Ectopic liver tissue is a rare phenomenon that may have clinical implications ranging from local mechanical complications to malignant transformation. The vast majority of reported cases of ectopic liver are intra-abdominal, while most intrathoracic cases are extracardiac. Only five cases of intracardiac involvement in adults have been reported to our knowledge.1, 3, 4, 5, 6 One of the five cases was discovered incidentally postmortem, and four of the five described a discrete mass without an anatomic connection to the liver.1, 4, 5, 6

Case Presentation

A 43-year-old African American woman with a history of prediabetes and congenital deafness presented to the emergency department after an episode of syncope. She was at work when she developed sudden onset of lightheadedness and diaphoresis followed by syncope. She denied other concomitant symptoms. On arrival she was afebrile but hypertensive to 161/101 mm Hg. Physical examination was notable for a systolic murmur. Serial troponin testing was negative, and electrocardiography showed normal sinus rhythm without evidence of ischemia or infarction. Chest radiography and head computed tomography did not demonstrate any pathology. She was admitted for initiation of antihypertensive medications and further evaluation.

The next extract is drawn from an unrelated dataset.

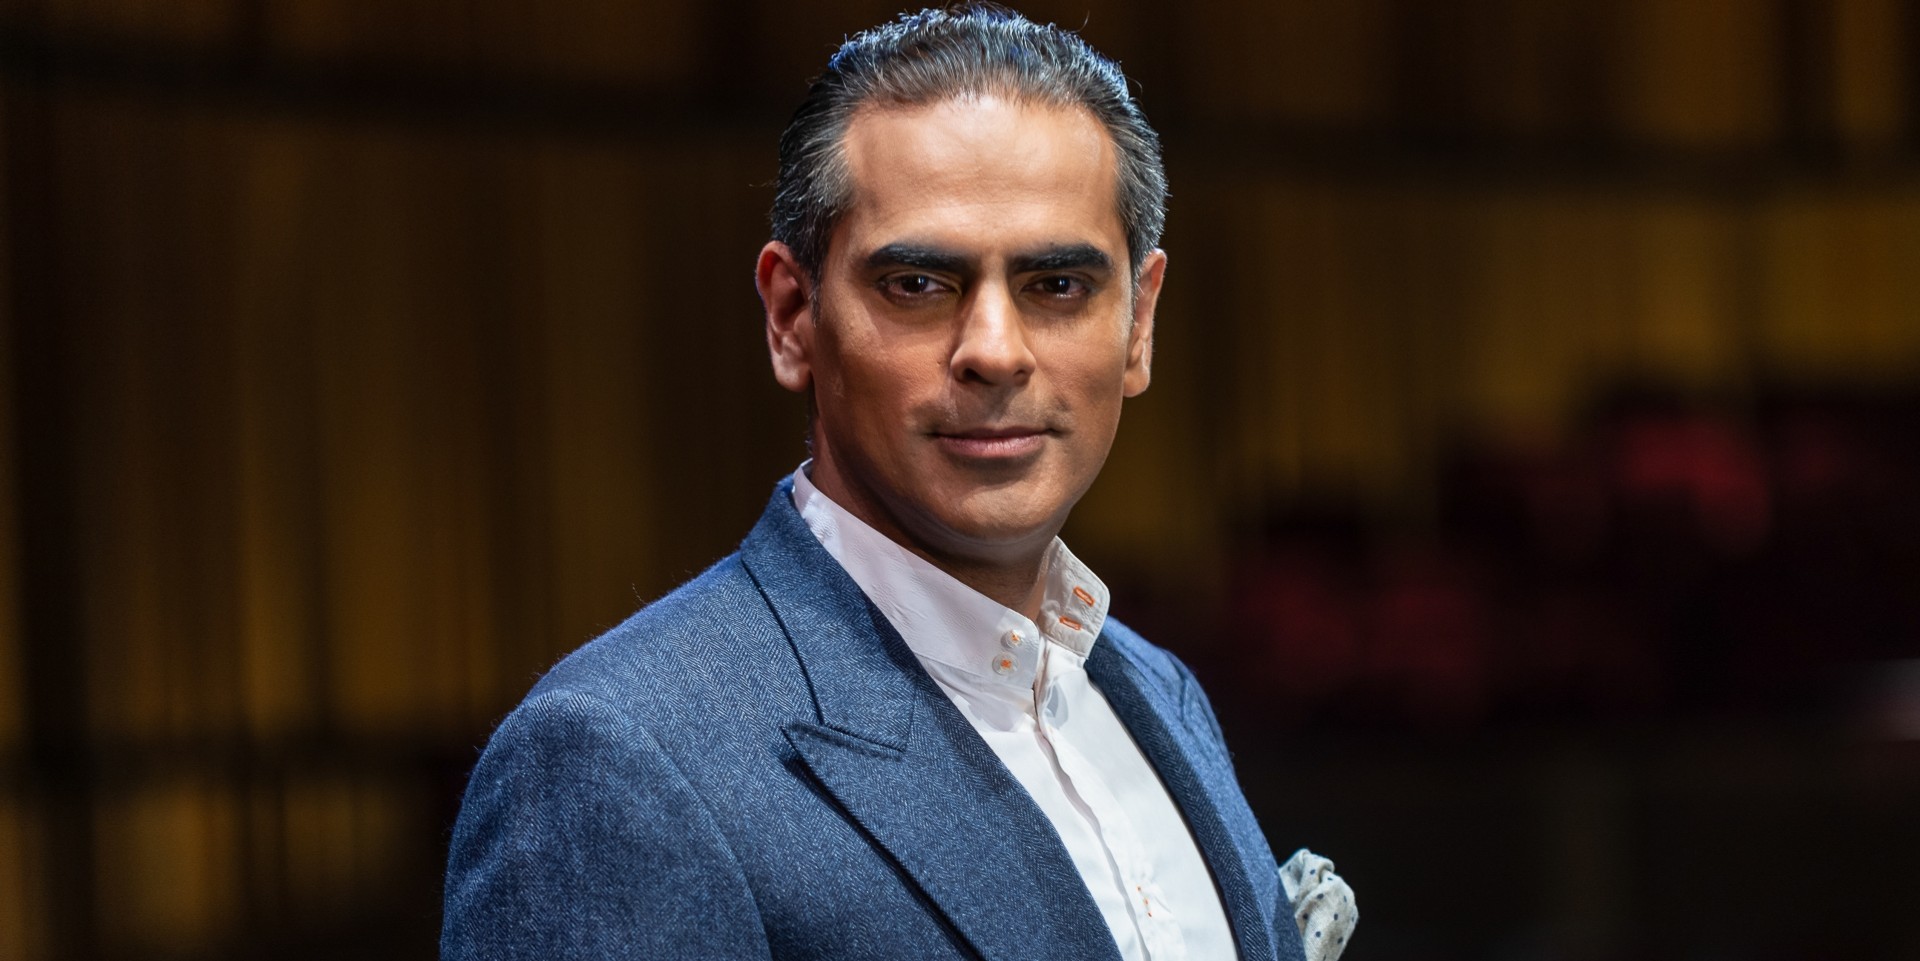 "We're on this journey that is evolving at a fantastic pace": An interview with SIFA 2019 Festival Director Gaurav Kripalani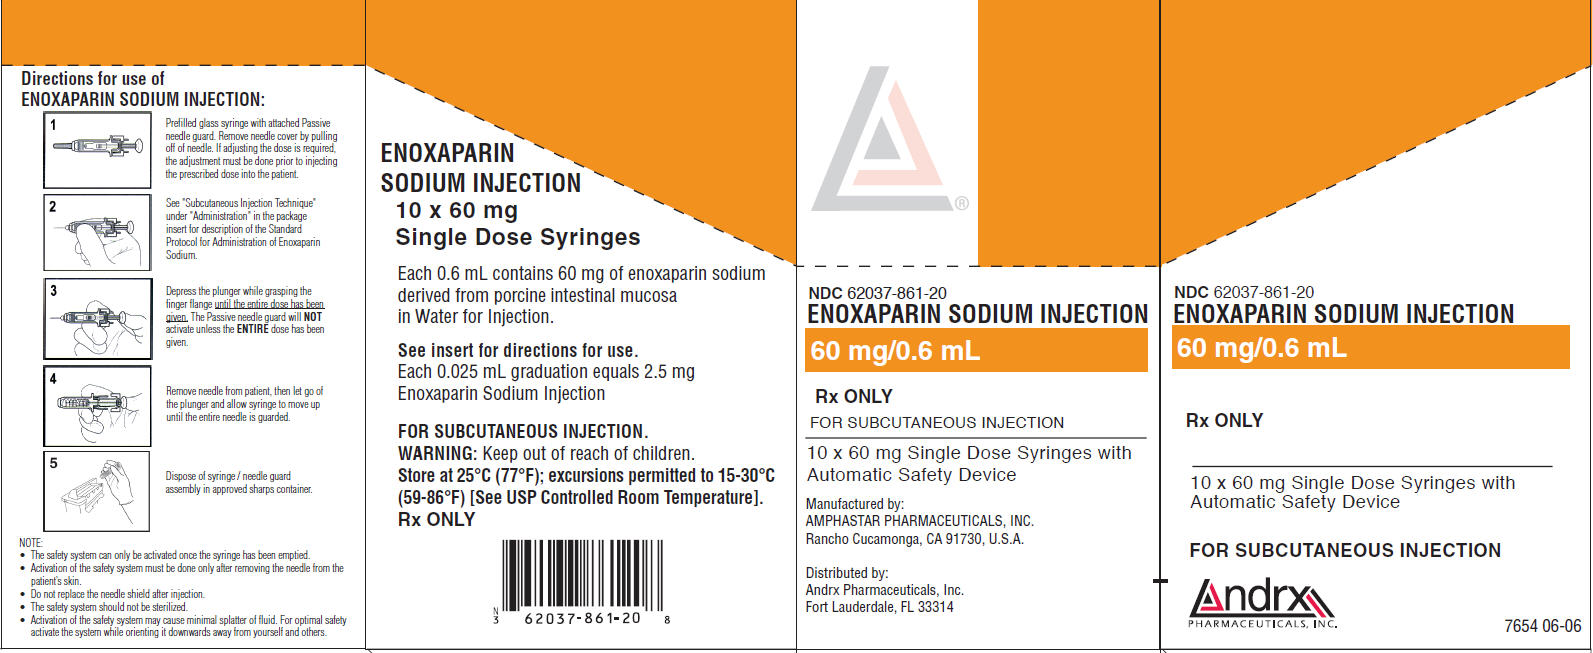 NDC 62037-861-20 ENOXAPARIN SODIUM INJECTION 60 mg/0.6 mL Rx ONLY FOR SUBCUTANEOUS INJECTION 10 x 60 mg Single Dose Syringes with Automatic Safety Device

Transthoracic echocardiography was performed. It was notable for normal biventricular size and function, a poorly visualized aortic valve with moderate aortic stenosis on the basis of a calculated valve area of 1.4 cm2, a moderately dilated ascending aorta with a diameter of 4.2 cm, and a 1.3- × 1.5-cm globular, immobile echo density that appeared adherent to the posterolateral aspect of the right atrium (Figure 1, Figure 2, Videos 1 and 2). Cardiac magnetic resonance imaging (MRI) was recommended to better characterize the mass.

Figure 1

Transthoracic echocardiogram 1. Well-circumscribed, nonmobile, 1.3- × 1.5-cm mass in the body of the RA.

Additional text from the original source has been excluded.